Research
Group Testing
This is a thing I wrote a while ago for a research proposal.
You are in charge of a large army. Suppose you wish to screen your soldiers for a rare disease by taking samples of their blood. One approach would be to test each soldier's blood individually; however, conducting so many tests would be costly and time-consuming, and almost all the tests would come back negative. Instead, a better strategy would be to pool blood samples together and test these pooled samples - a testing pool consisting of entirely disease-free blood would yield a negative result, while a testing pool containing any diseased blood would yield a positive result. (The test is usually assumed to be perfectly reliable - an assumption I hope to relax.) After a relatively small number of these pooled tests, it should be possible to deduce which of the original blood samples carried the disease.
Determining effective ways to pool samples in order to detect with certainty which soldiers have the disease (or are defective) is called group testing. Group testing is traditionally thought of as a combinatorial problem, the task being to find a combination of testing pools that ensures accurate reconstruction of the defective set.

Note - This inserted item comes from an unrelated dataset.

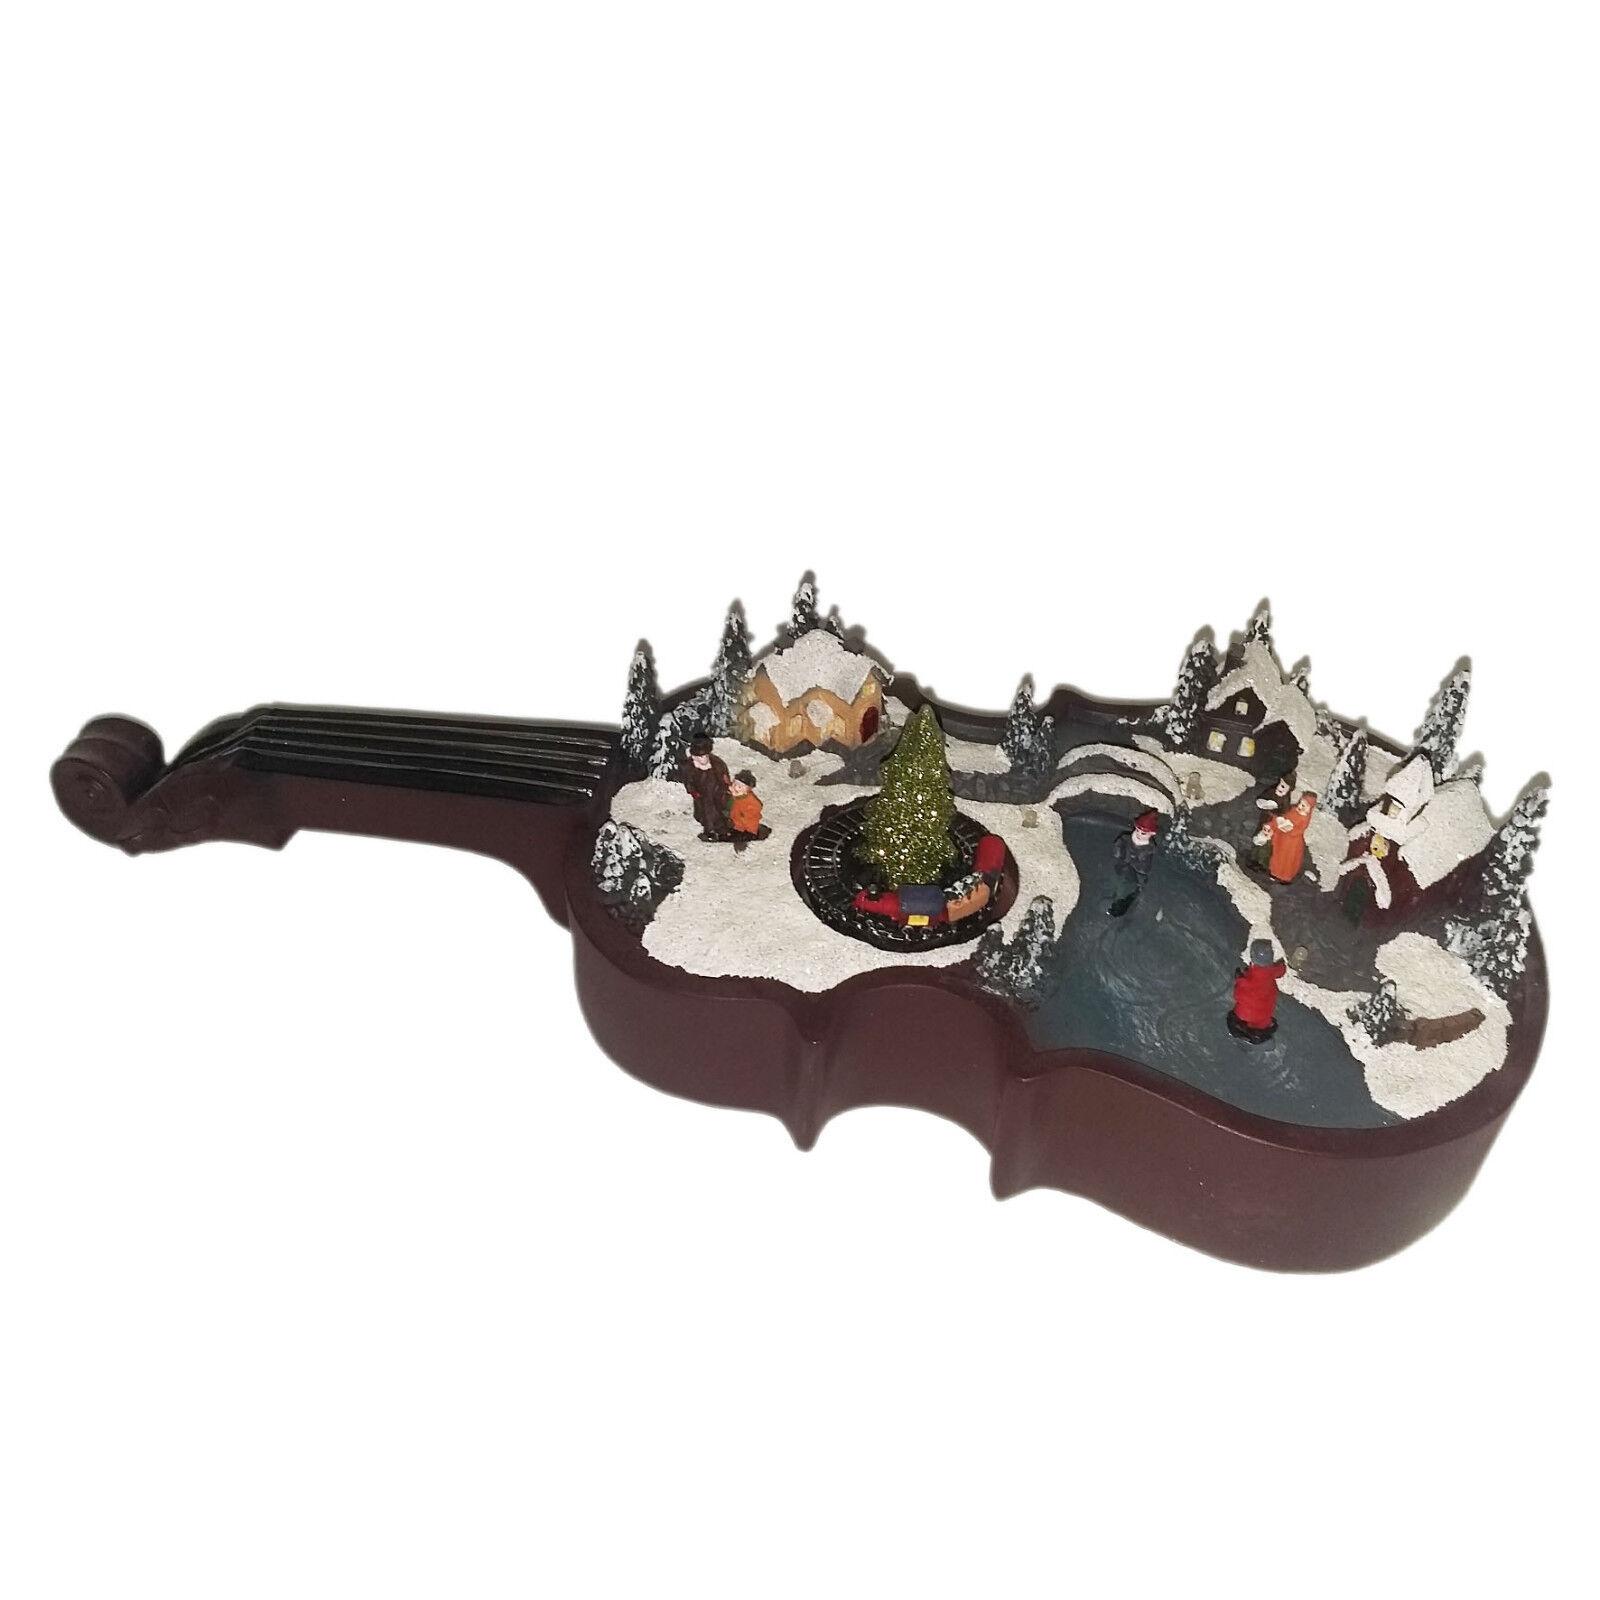 Weihnachten Szene Musik und Lichter ruht auf Violine-Spieluhr mit Bewegung

While the theory of group testing has obvious applications in pathology, it is also applicable to DNA sequencing in genomics, to spectrum manage-ment in engineering, and to population modelling in statistics, as well as having theoretical interest to combinatorialists and probabilists.
Recent work by Atia and Saligrama, and in Bristol by Sejdinovic and Johnson, has outlined a possible connection between group testing and the informa-tion theoretic problem of communication over a noisy channel. In information theory, we wish to deduce the message sent from a series of transmitted signals; similarly, in group testing, we wish to deduce the defective set from a series of test outcomes.
The rich probabilistic theory developed around the problem of communication could lead to important insights into group testing, especially in areas where traditional combinatorial techniques have fallen short. Two areas show early promise: dealing with unreliable tests, and finding pooling schemes that are computationally feasible, rather than just theoretically possible. Noisy testing models assume that the tests do not always work perfectly, but that erroneous outcomes can occur (based on some probabilistic model), similar to the noisy communication channels of information theory. In fact, an information theoretic approach could potentially offer insight into a much wider class of testing models, such as testing for multiple diseases at once, allowing the use of feedback (past testing results influencing the make-up of future pools), and requiring only partial reconstruction of the defective set. Practical algorithms for group testing are obviously of vital importance for real-life applications, an issue that combinatorialists have rarely addressed. Modern information theoretic decoding algorithms, such as message passing and its variants, offer great promise here.
Exploration of the connection between group testing and information theory is at a very early stage. In particular, there is currently no group testing equivalent of Shannon's celebrated channel coding theorem, which gives the maximum possible rate of communication in terms of statistical characteristics of a channel model. A "Shannon's theorem of group testing" could determine how many tests are needed to recover the defective set in terms of statistical characteristics of test outcomes.
I developed an interest in group testing while studying for my PhD in information theory. However, due to funding limitations from an industrial sponsor, I was unable to spend as much time working in this area as I would have liked. A recent part-time research assistant post with Sejdinovic has given me the opportunity to become well-acquainted with the group testing literature, and I have started to spend some time working on this problem, with promising early results.
In particular, I have identified an important condition under which many information theoretic principles can be applied. Although I have been able to prove a "Shannon theorem" for some very simple models, a complete theory for the general case would be of great value in both group testing and information theory. Specifically, proving theorems where this condition fails to hold is vital to making the work more widely applicable. I hope that the Heilbronn fellowship programme at the University of Bristol will give me the time and freedom to make further breakthroughs.